Car oui, la Saint-Valentin approche à grands pas. Et comme chaque année elle arrivera certainement accompagnée de sa dégoulinade de trucs kitsch pas glamour pour un sou. Des trucs rouge ou rose avec froufrous et moumoute. Et je vous passe les chocolats alcoolisés pas bons planqués en embuscade. Toutes les marques s'y lancent à coeur perdu, saisissant tous les prétextes pour sortir leur série limitée. Si certaines font parfois les choses bien, la plupart se perd souvent dans des opérations marketing illégitimes.

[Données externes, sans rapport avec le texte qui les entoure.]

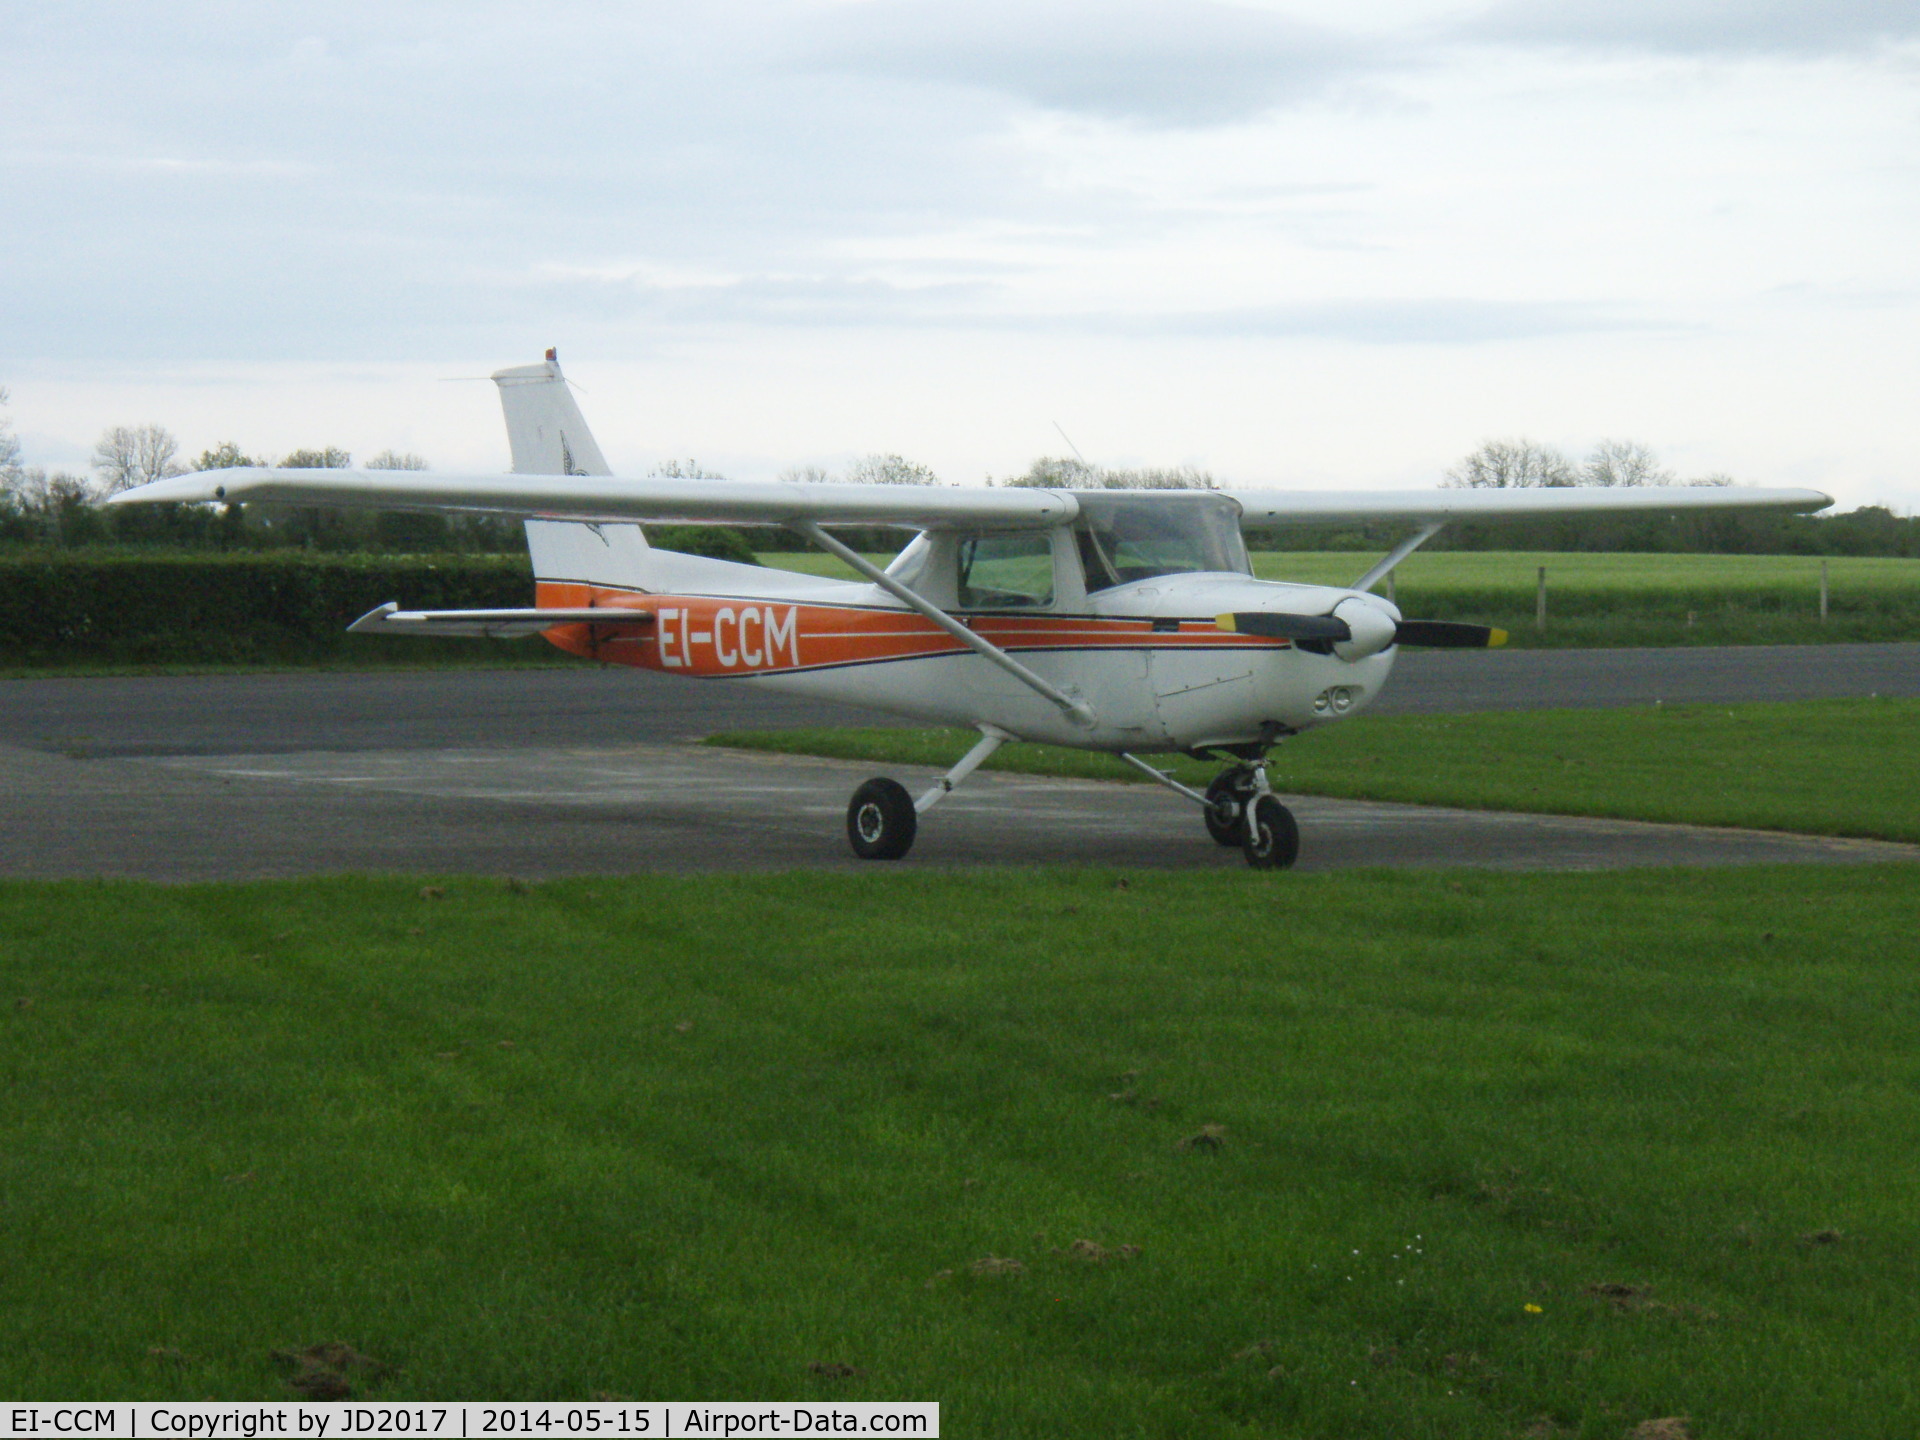 EI-CCM, 1979 Cessna 152 C/N 152-82320, EI-CCM at Clonbullogue Airfield, Co. Offaly, one May evening in 2014. (15th of May 2014).

Une marque, pourtant, sort du lot cette année.

EVENTAIL-POCKETS-BD.JPG

Canderel, qui ne fait jamais trop de vagues mais tombe souvent juste, lance en effet une nouvelle série limitée, avec le concours de Chantal Thomass, la prêtresse du fameux sexy-chic dont je parlais plus haut. Et fait les choses bien. Outre le fait que la marque exploite avec élégance les séries limitées depuis quelques années et choisit bien ses créateurs (on se souvient notamment de Karl Lagerfeld et de ses cinq péchés mignons, vendus entre autres chez Colette...tout un symbole!), cette nouvelle association tombe à pic : en ligne avec la communication Pin-Ups de la marque et avec la période Saint-Valentin, tout est raccord. Sexy-chic sans tomber dans le vulgaire, féminines et glamour, ces petites boîtes sont des petits bijoux. Intitulées "Un peu", "Beaucoup", "Passionnément" et "A la folie", ce sont de véritables petits billets d'humeurs amoureuses. Et quand je parlais de faire bien les choses, voilà un bel exemple : ils ont développé un mini-site www.unamourdecanderel.fr, dans lequel Chantal Thomass parle de la séduction et distille quelques petits conseils via un podcast. Comme quoi vintage & modernité ne sont pas incompatibles. Et pour garantir les retombées presse, on est allé jusqu'au bout du concept
chez Canderel et on a développé une boite à chapeaux contenant les 4 étuis, vendue dans la boutique Chantal Thomass rue du Faubourg Saint Honoré. Fashionista, le Canderel ! Enfin un accessoire qu'on pourra acheter ou bien recevoir sans avoir peur du ridicule...(et sans prendre un kilo, parce que les kilos & l'attitude pin up c'est loin d'être le mélange le plus heureux...)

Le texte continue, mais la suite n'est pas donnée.